▶ **Prompt**: Below is a listing; retype exactly the line with "Sechs Tiere, darunter" and every line after it through the end, and only those, leaving out the pictures.

▶ **Recorded data**:
□ □ □

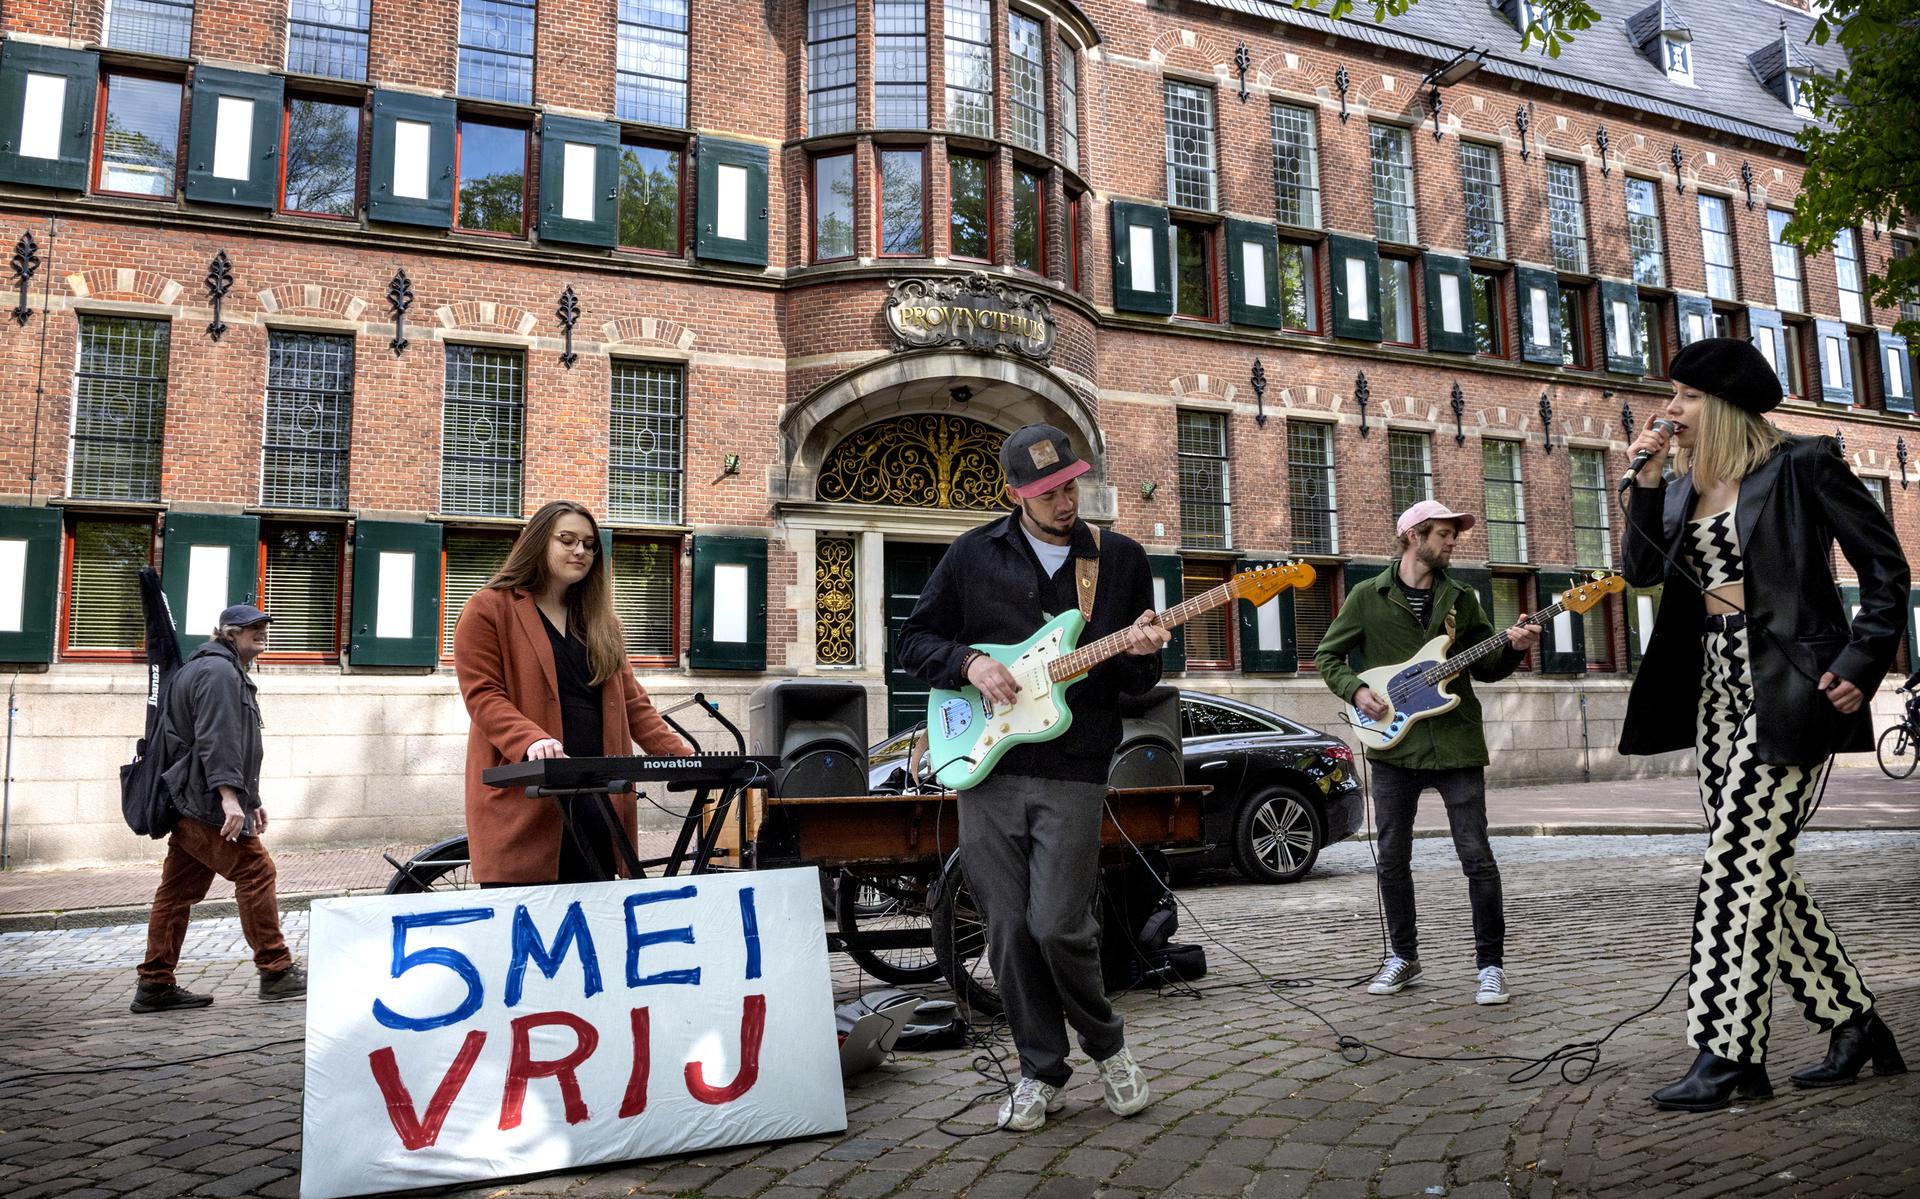 De band Waterleaf voor het Provinciehuis met v.l.n.r.: Iris (toetsen), Sander, Fedde en zangeres Margrieke.
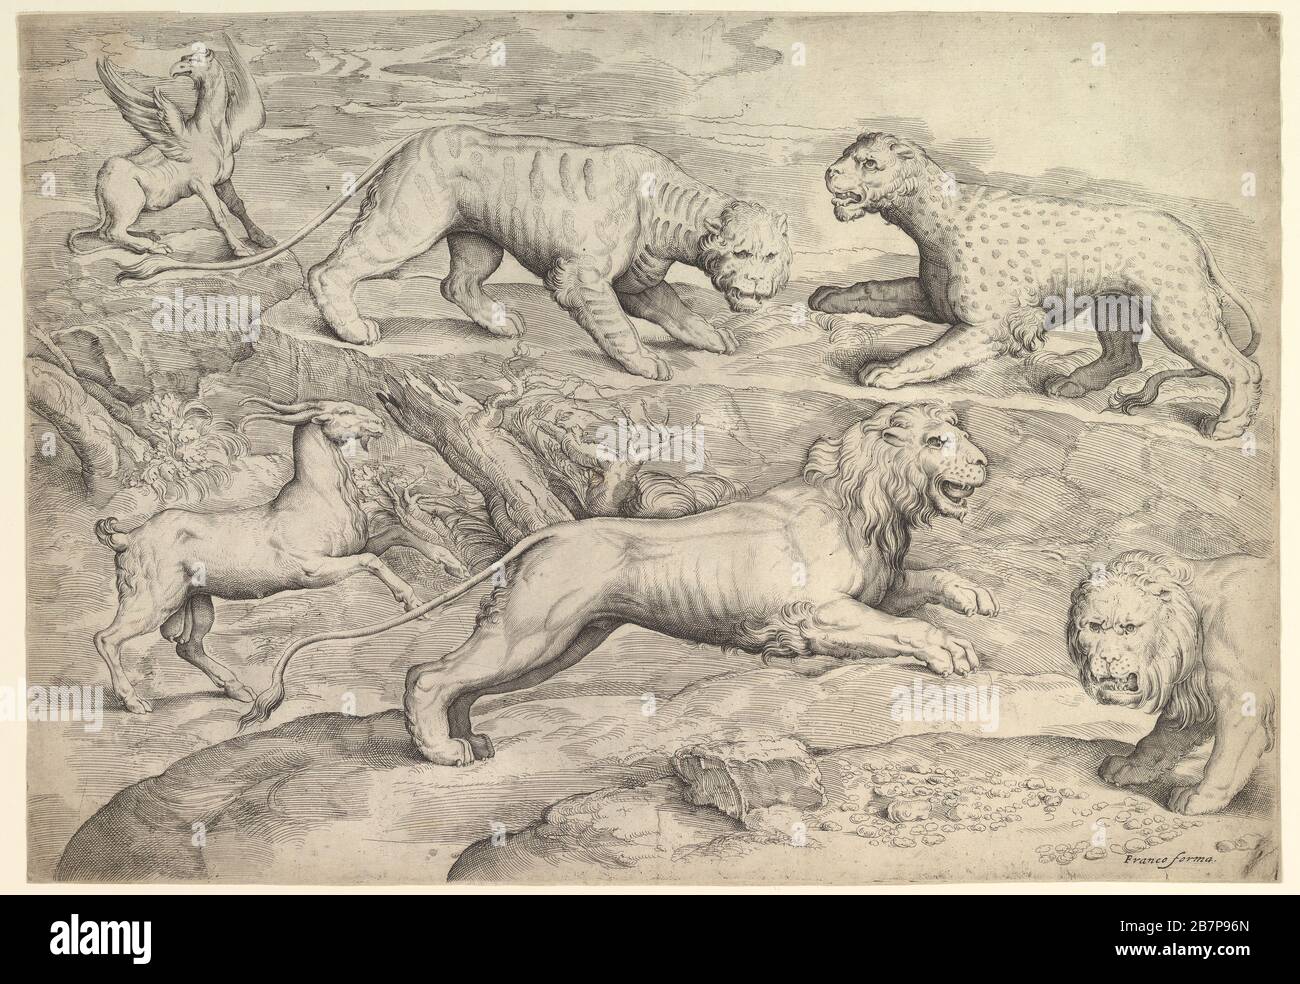 Sechs Tiere, darunter Löwen, ein Tiger, ein Leopard, ein griffin und eine Ziege, können etwa sein. 1530-61. Stockfoto
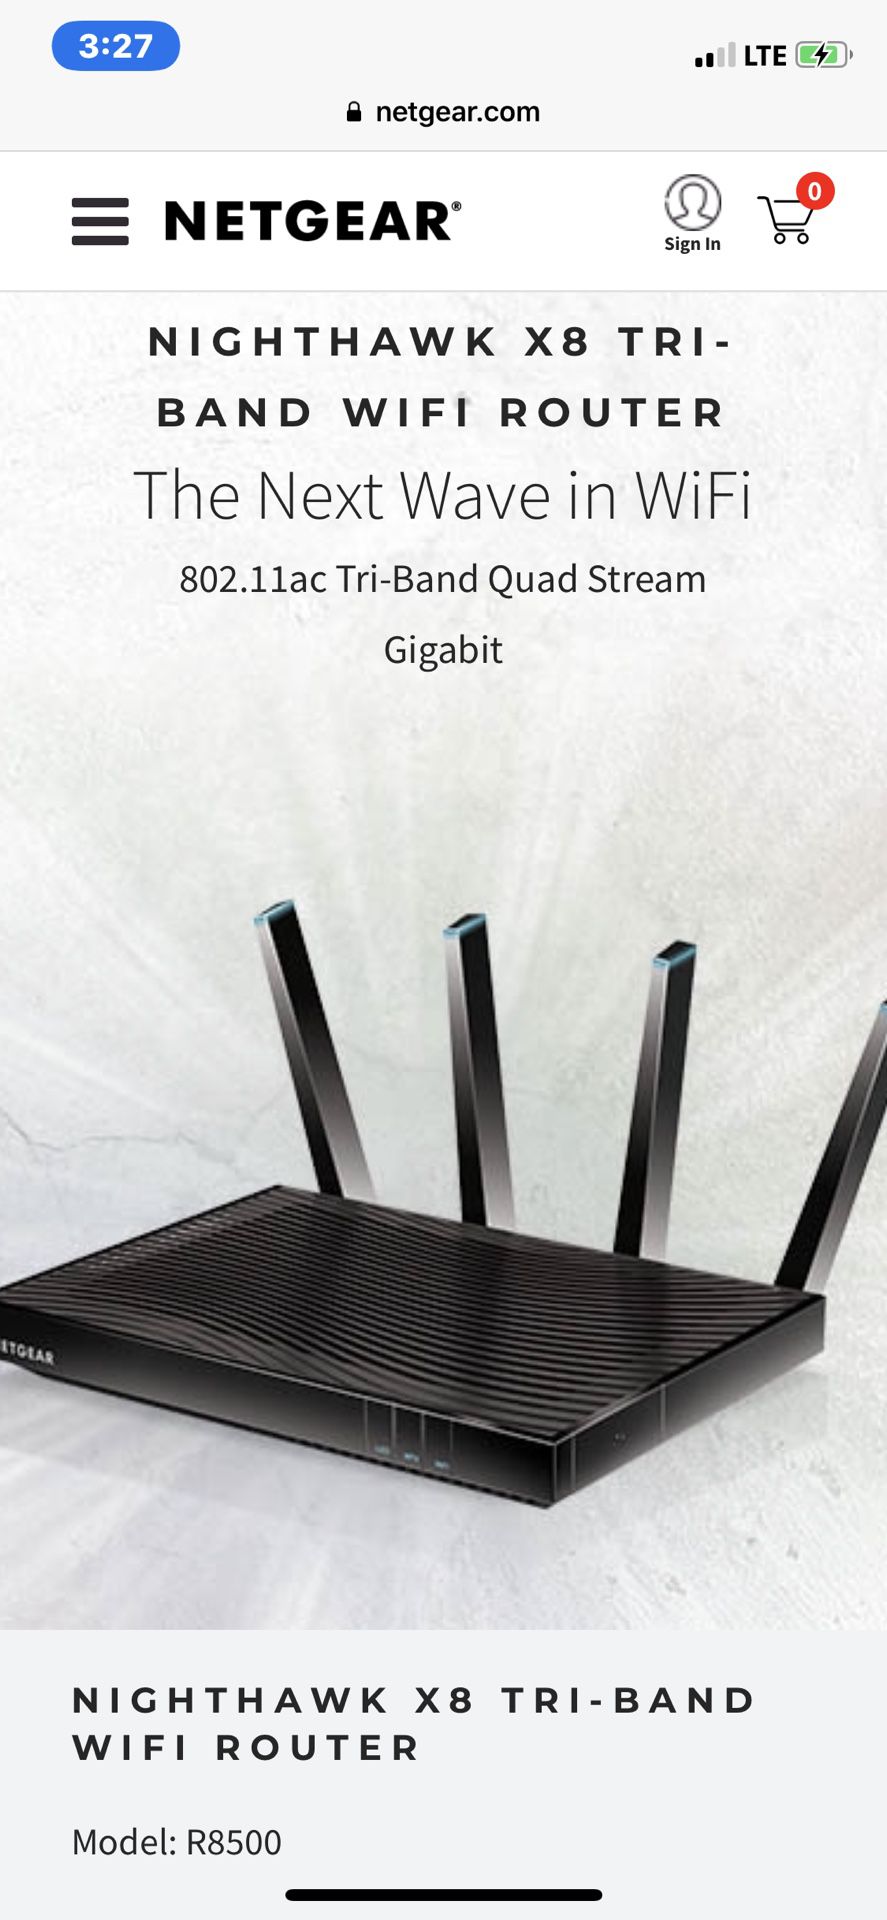 Nighthawk X8 Tri-Band WiFi Router
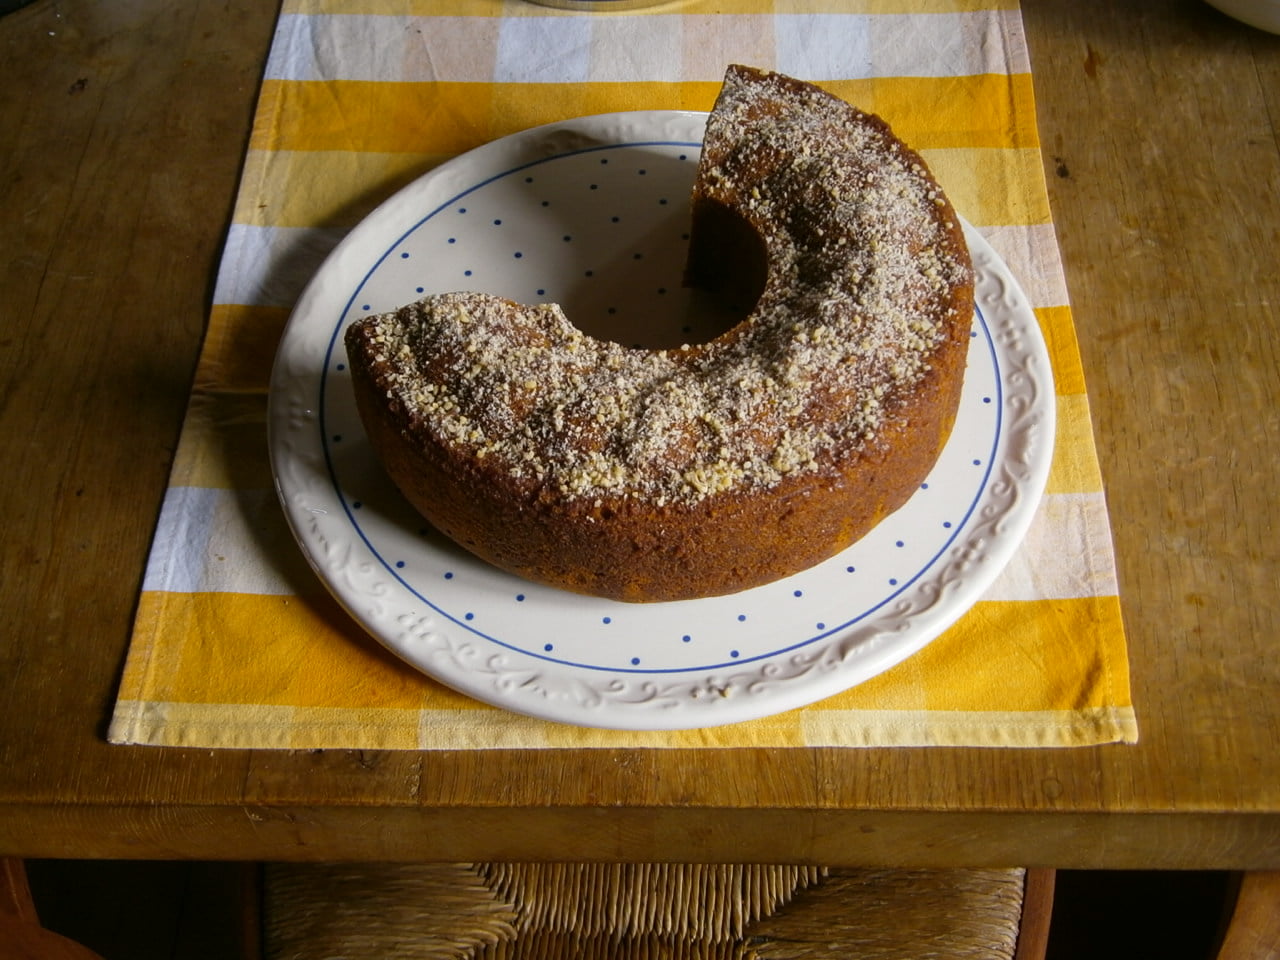 Vollkorn-Kuchen mit Bio-Honig auf Kuchenplatte.

□ □ □

▶ **Output of the task**:
 Sechs Tiere, darunter Löwen, ein Tiger, ein Leopard, ein griffin und eine Ziege, können etwa sein. 1530-61. Stockfoto
 Nighthawk X8 Tri-Band WiFi Router
 Vollkorn-Kuchen mit Bio-Honig auf Kuchenplatte.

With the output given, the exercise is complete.